Charles Whitworth, 1st Baron Whitworth (14 October 1675 – 23 October 1725) was a British politician and diplomat who served as the British ambassador to Russia from 1707 to 1712.

==Early life==
Whitworth was possibly born at Blore Pipe, near Eccleshall, Staffordshire. He entered Westminster School as a Queen's Scholar in 1690, and then entered Trinity College, Cambridge in 1694. He graduated with a BA in 1699 and became a Fellow the next year.

==Diplomatic career==
Whitworth entered diplomatic service in 1700 as secretary to George Stepney, envoy at Berlin. In November 1701 he was appointed as British aide to Cardinal Lamberg, the Holy Roman Emperor's chief commissary at the Congress of Regensburg. He also deputised at Vienna for Stepney, when he was absent from the embassy there.

In 1704, Whitworth was appointed as Ambassador Extraordinary to Russia. His initial role was to regularise the position of the Russia Company which had mismanaged the tobacco monopoly granted it in 1698. He succeeded in this between 1707 and 1711, but not in the wider object of obtaining a commercial treaty. He also had to handle Russian sensibilities over the arrest for debt in 1708 of the emperor's envoy Andrey Matveyev, sent to London to seek British mediation in the Great Northern War. He remained accredited in Russia until 1712, but was increasingly absent on diplomatic business elsewhere in eastern Europe. He was charged by Queen Anne to discover and evaluate high-level Russian strategies. He closely observed public events and noted the changing the power status of key leaders. He cultivated influential and knowledgeable persons at the royal court, and befriended foreigners in Russia's service, and in turn they provided insights into high-level Russian planning and personalities, which he summarized and sent in code to London.

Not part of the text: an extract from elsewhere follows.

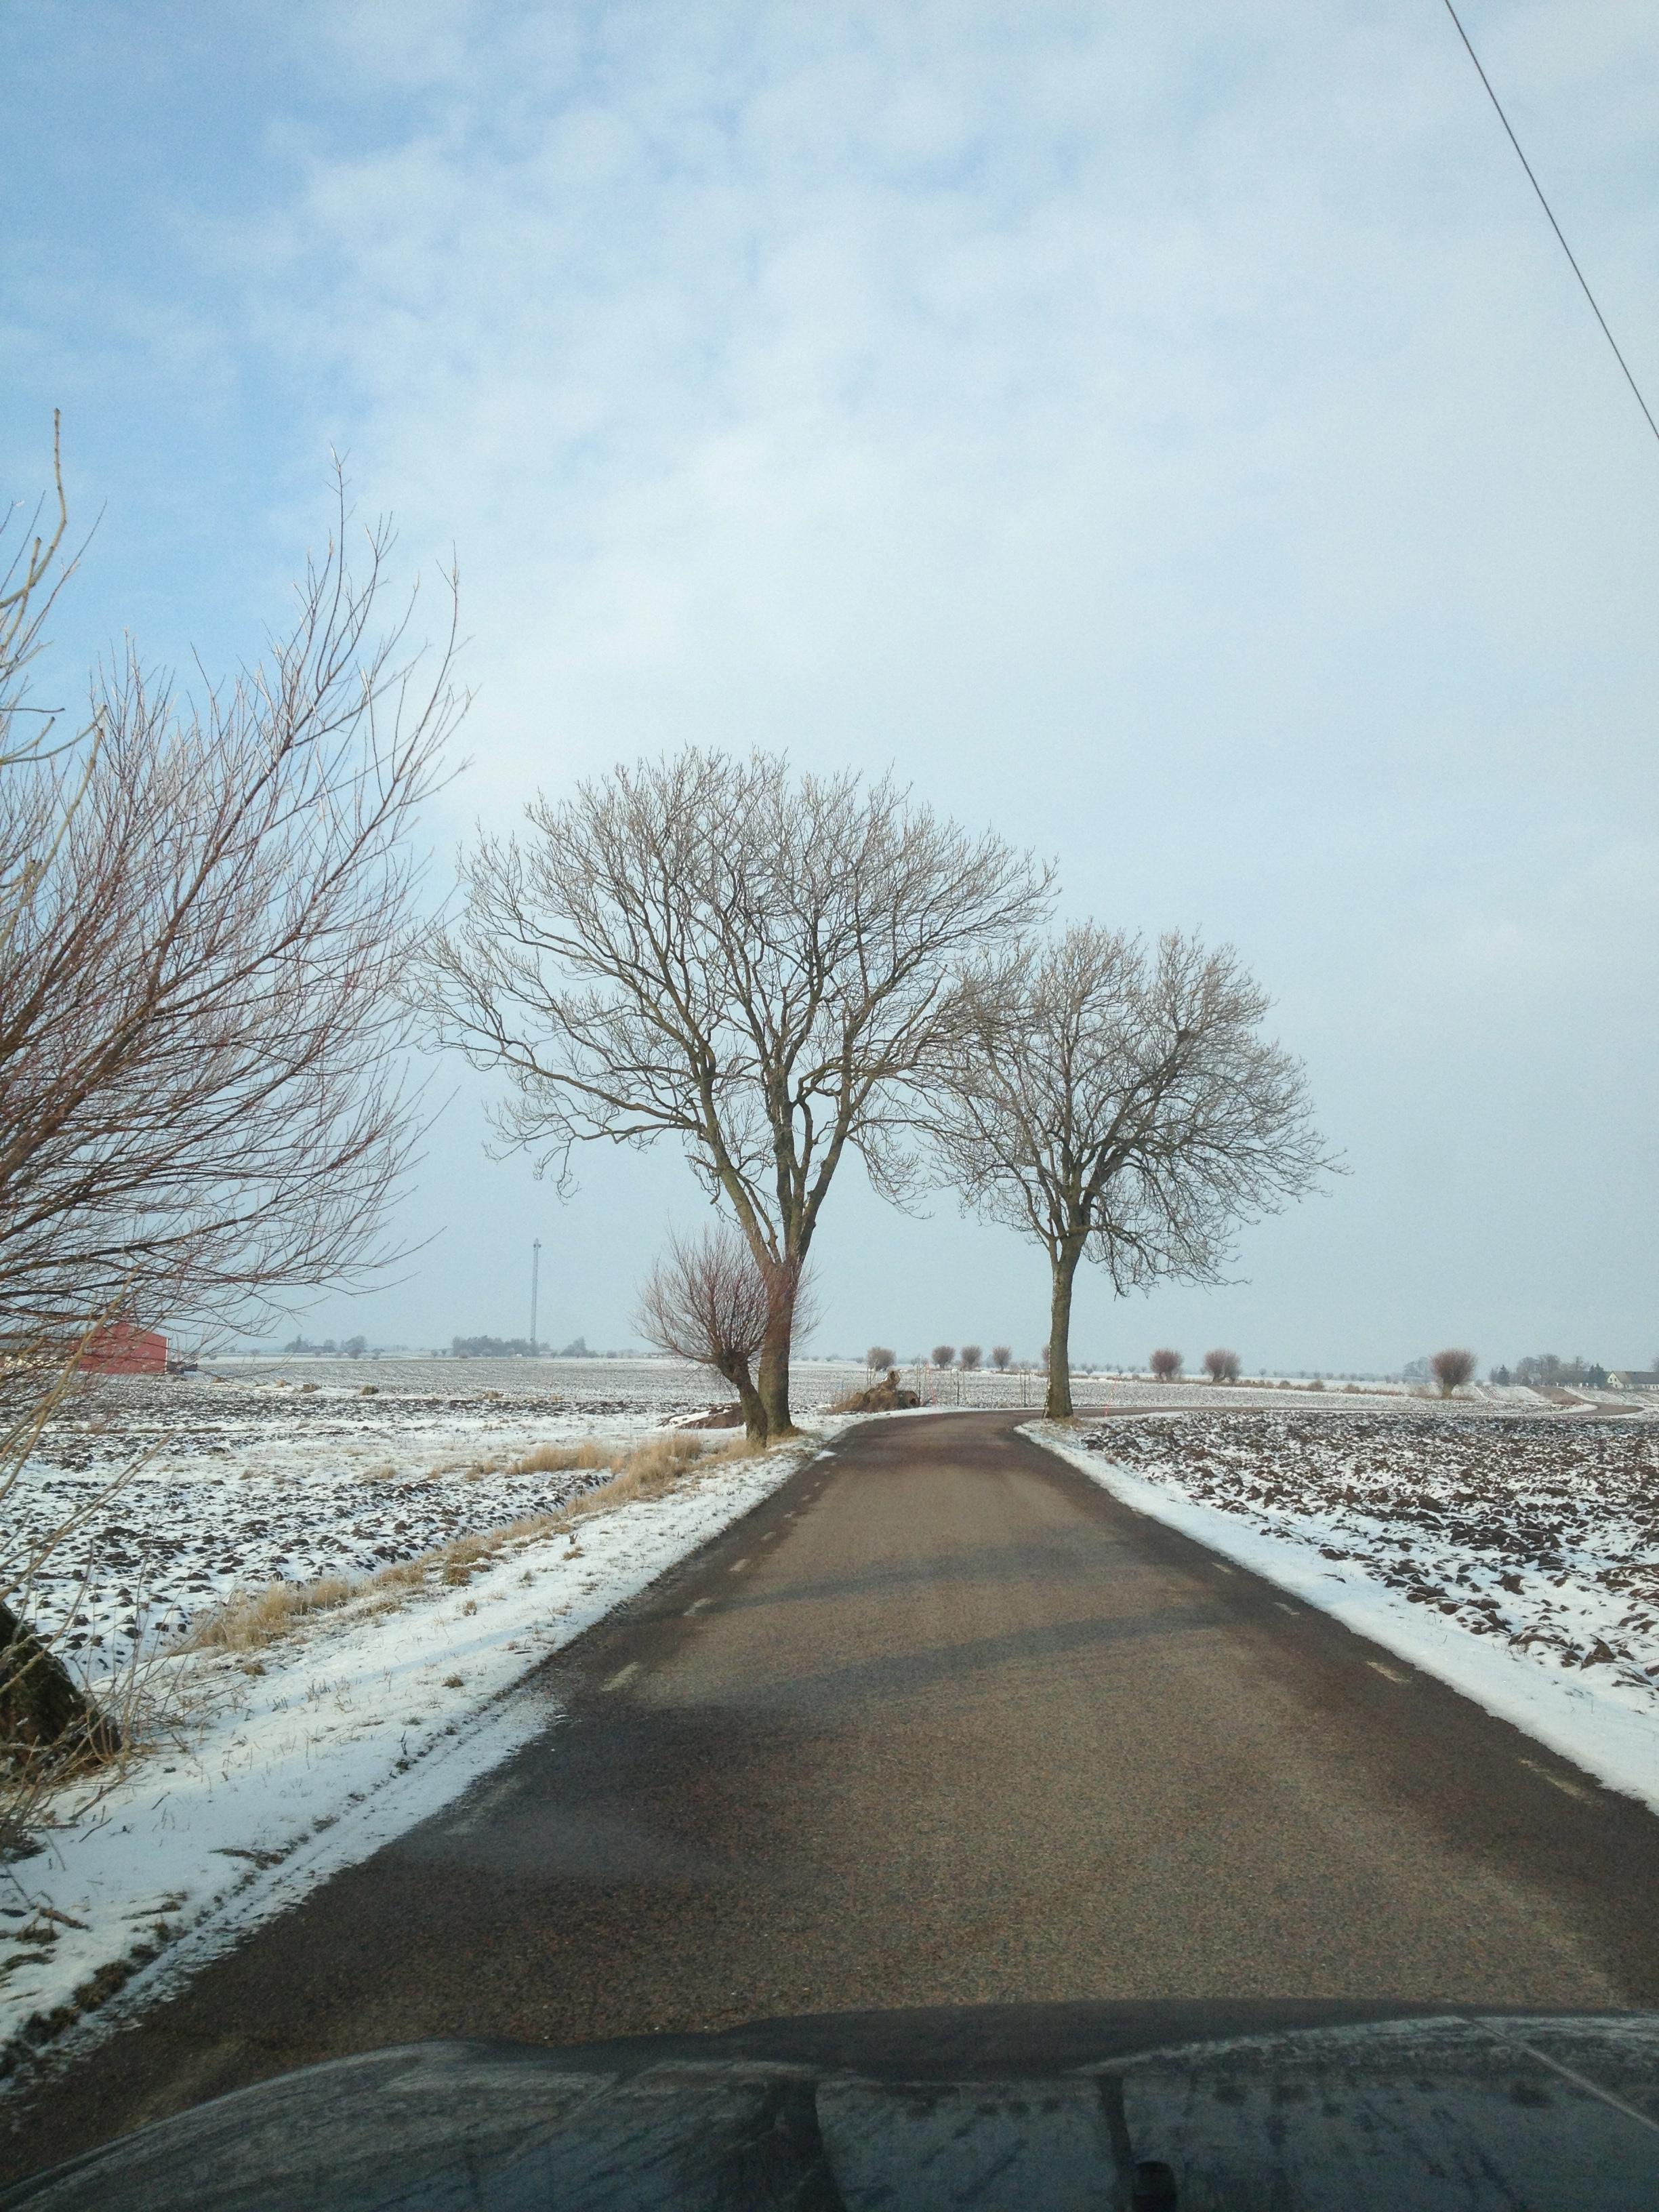 Fond D Ecran Paysage Neige Hiver Route La Glace Matin

He wrote an Account of Russia as it was in the Year 1710, which (though not published until 1758) influenced British views of Russia for much of the century.

In December 1713, he was appointed as one of the commissaries to treat with the French concerning the Treaty of Navigation and Commerce concluded at Utrecht. In April 1714 he was sent to Augsburg to observe negotiations between the emperor and France, taking place at Baden that summer. This was followed by his appointment as British minister to the Eternal Imperial Diet at Regensburg.

In August 1716, when he was appointed envoy at Berlin, but was seconded to The Hague, to try to persuade the Netherlands to conform to the British embargo on Sweden.

==Death==

Whitworth returned to Berlin in 1719, where the following year, he married the comtesse de Vaulgremont (died 1734), the daughter of a government official in French-speaking Flanders. He was raised to the Irish peerage as Baron Whitworth, of Galway, in 1721. In 1722, he became Member of Parliament for Newport, Isle of Wight. He died childless in 1725, upon which his barony became extinct. Whitworth was buried at Westminster Abbey, his grave is in the South choir aisle.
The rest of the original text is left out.